Option list message takes place in both directions. In the driver to lib direction,
driver data options are exposed and transferred into userspace. In the lib to driver
direction the message is used to inform the driver what option values should be
changed and how. Schema of the message looks like this:
option item
name (string) - name of the option
changed flag (boolean) - tells if any of this option value changed
removed flag (boolean) - tells if this option was removed so userspace
can react to that properly
type (unsigned 8bit value) - determines the type of the
following datafield. Can be either unsigned 32bit value, string, boolean
or binary data.
data (dynamic type) - actual option value of a type determined
by typefield.
port interface index (optional, unsigned 32bit value) - in case the
option is "per-port" this field is set to appropriate port interface index.
More about per-port option will be stated later in the text.
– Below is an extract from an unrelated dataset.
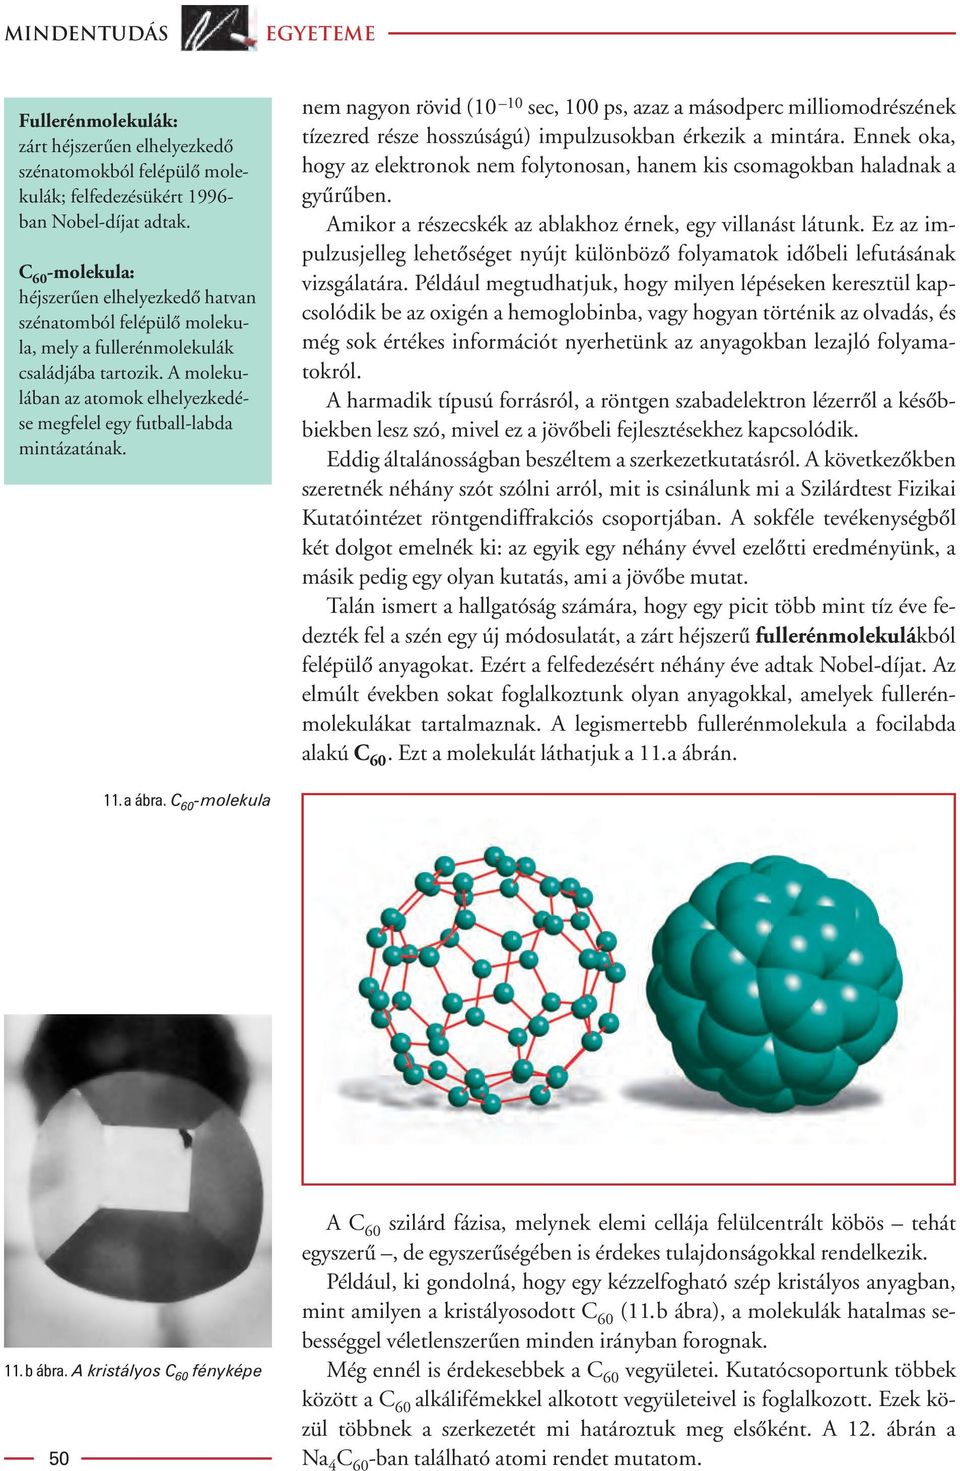 A molekulában az atomok elhelyezkedése megfelel egy futball-labda mintázatának.

array index (optional, unsigned 32bit value) - in case the option is
"array" this field is set to appropriate array index. More about array
option will be stated later in the text.
option item
....
option item
....
There are the following cases in which messages are sent: 1. lib requests the port
list - In this case the message contains all present ports. 2. lib requests the option
list - In this case the message contains all present options. 3. lib requests option
value change - Message contains one or more option items for those options
whose value should be changed in the driver. 4. driver port status change event Driver is notified by net core that its port device changed status. In this case the
message contains only the port which changed or was removed. 5. driver option
value change event - Happens either asynchronously or as a reaction to point 3. In this case the message contains only the options whose value changed or the
options which were removed.
In case of point 4. and 5. Netlink multicast facility is used so multiple userspace
apps can get the message. Applications can therefore monitor possible changes
other applications are performing.
teamnl
teamnl uses libteam and provides a wrapper for Team device Netlink
communication.
For a detailed list and descriptions of teamnl command line parameters, please
see the appropriate manpage (man 8 teamnl).
Driver
The driver allows creating its instance using RTNL. So one can easily create or
delete a team instance using the ip utility like this:
# ip link add name team0 type team
# ip link delete team0
A random hardware address is generated for a newly created device unless the
user explicitly specifies it.
Also, the ip utility can be used to add or remove ports like this:
# ip link set eth0 master team0
# ip link set eth0 nomaster
The Team driver uses the netdevice notification facility to catch events happening
on ports in order to be able to perform necessary actions in reaction to that.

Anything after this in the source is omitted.